Лени никак не отреагировал на выкрик неугомонного гнома — уткнувшись щекой в свернутое одеяло, Рыжий погрузился в болезненный сон. Убедившись, что его грудь равномерно опускается и поднимается, я решил заняться своими ранениями. В первую очередь, я снял заплечную сумку с торчащими оттуда ледяными отростками, затем последовала очередь хрустящей, с трудом гнущейся куртки и я остался голым по пояс. Выбрал поодаль от места недавней схватки белоснежный сугроб и обеими руками черпая оттуда снег, с силой растер все тело, избавляясь от примерзших к коже алых кристалликов шурдской крови и прочей, налипшей грязи. Заодно занялся и чисткой щупалец — по очереди хватаясь за основание каждого отростка, подтягивал их к себе и очищал от крови, пока к ним не возвращался их слегка поблескивающий белесый цвет. От недавних тепловых ожогов не осталось и следа, лишь слегка пощипывало кожу на пальцах, особенно сильно соприкоснувшись с теплом, когда я месил кулаками поваленного на землю шурда. Вздрогнув от этой мысли, я перевел взгляд на свои твердые как лед полупрозрачные руки и повторил — я забил шурда до смерти кулаками. Расколол его череп как глиняный горшок, расплескав его содержимое. И не испытал при этом никаких эмоций, кроме как удовлетворения хорошо сделанной работы. Качнув головой, я распрямил пальцы и поднеся поближе к глазам, принялся внимательно изучать кожу. Вскоре, я заметил первые следы — на костяшках кулаков, виднелись многочисленные белые линии, словно крохотные трещины, разбегающиеся от места удара во все стороны. На второй руке было тоже самое.

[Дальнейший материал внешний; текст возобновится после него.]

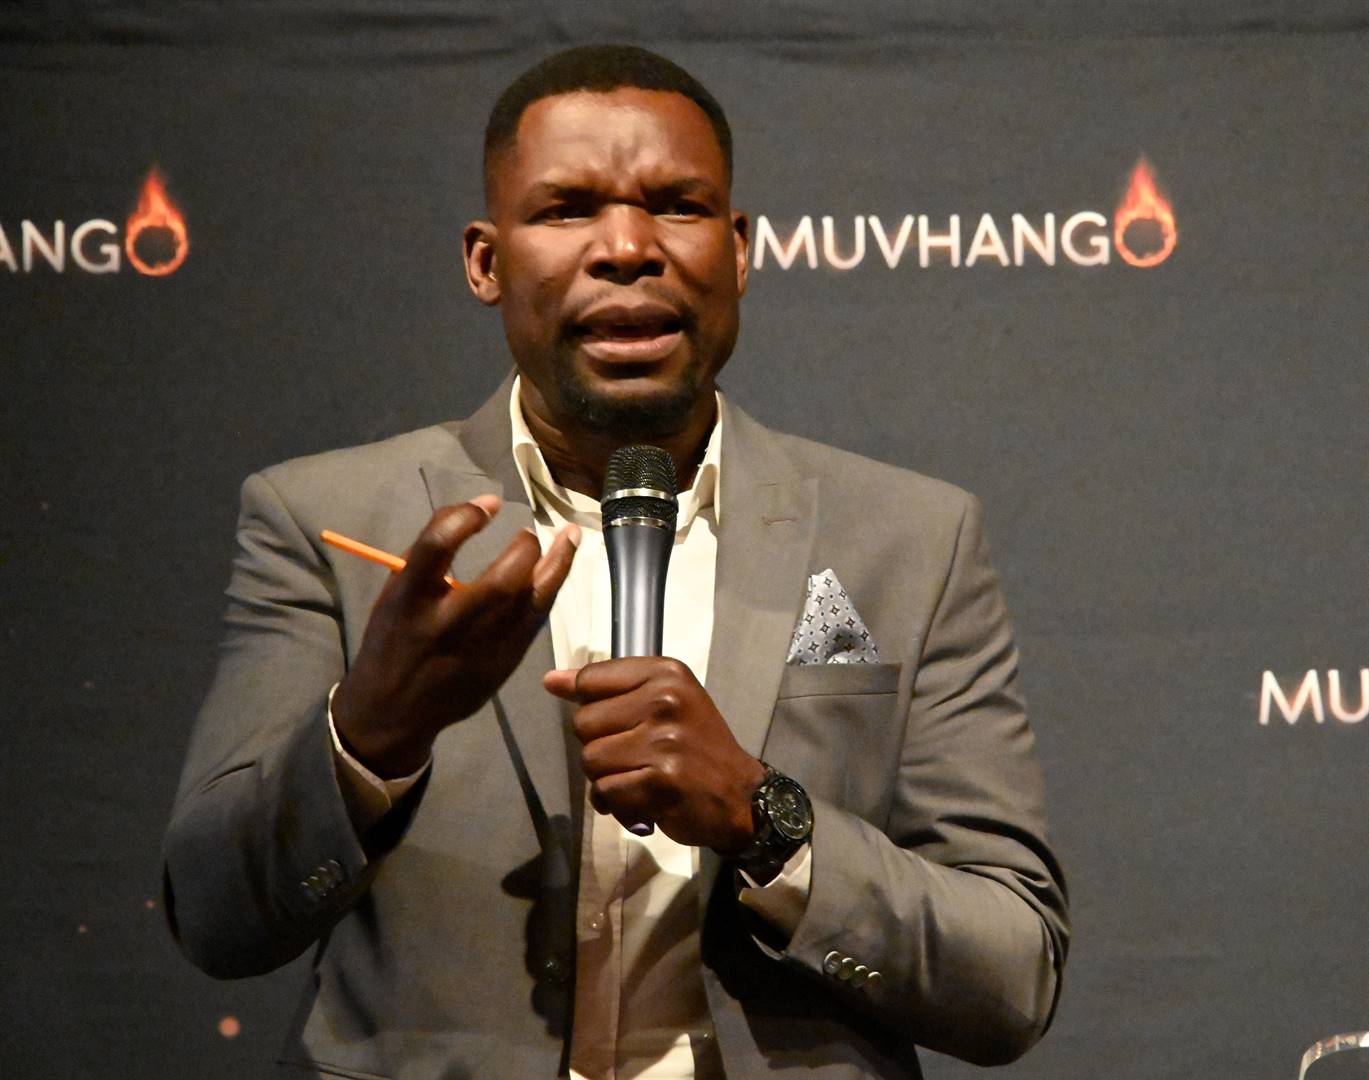 For actor Gabriel Temudzani, it was going to the gym in the morning and then dropping his kids off at school, which he missed doing during his many years on the set of popular Tshivhenda telenovela Muvhango.

Повернув голову, я занялся плечом и с нарастающей тревогой обнаружил, что хоть моя новая кожа и выдержала скользящий удар давно не точеного тесака, но не без последствий. Здесь, трещины были куда сильнее и шире, чем на пальцах. Проведя пальцем по коже, я ощутил небольшой скол, с острыми краями — похоже, под углом обрушившийся на плечо тесак отбил от меня солидный осколок заледеневшей кожи. Здесь я снова сделал паузу и попытался свыкнуться с еще одной новой для меня мыслью — от меня откололи осколок. Не ранили, не оставили рубленую рану, а именно откололи кусок промороженной плоти. И еще большой вопрос, восстановлю ли я утрату — если обычное человеческое тело способно на чудеса заживления самых чудовищных ран, то в мое случае ничего неизвестно.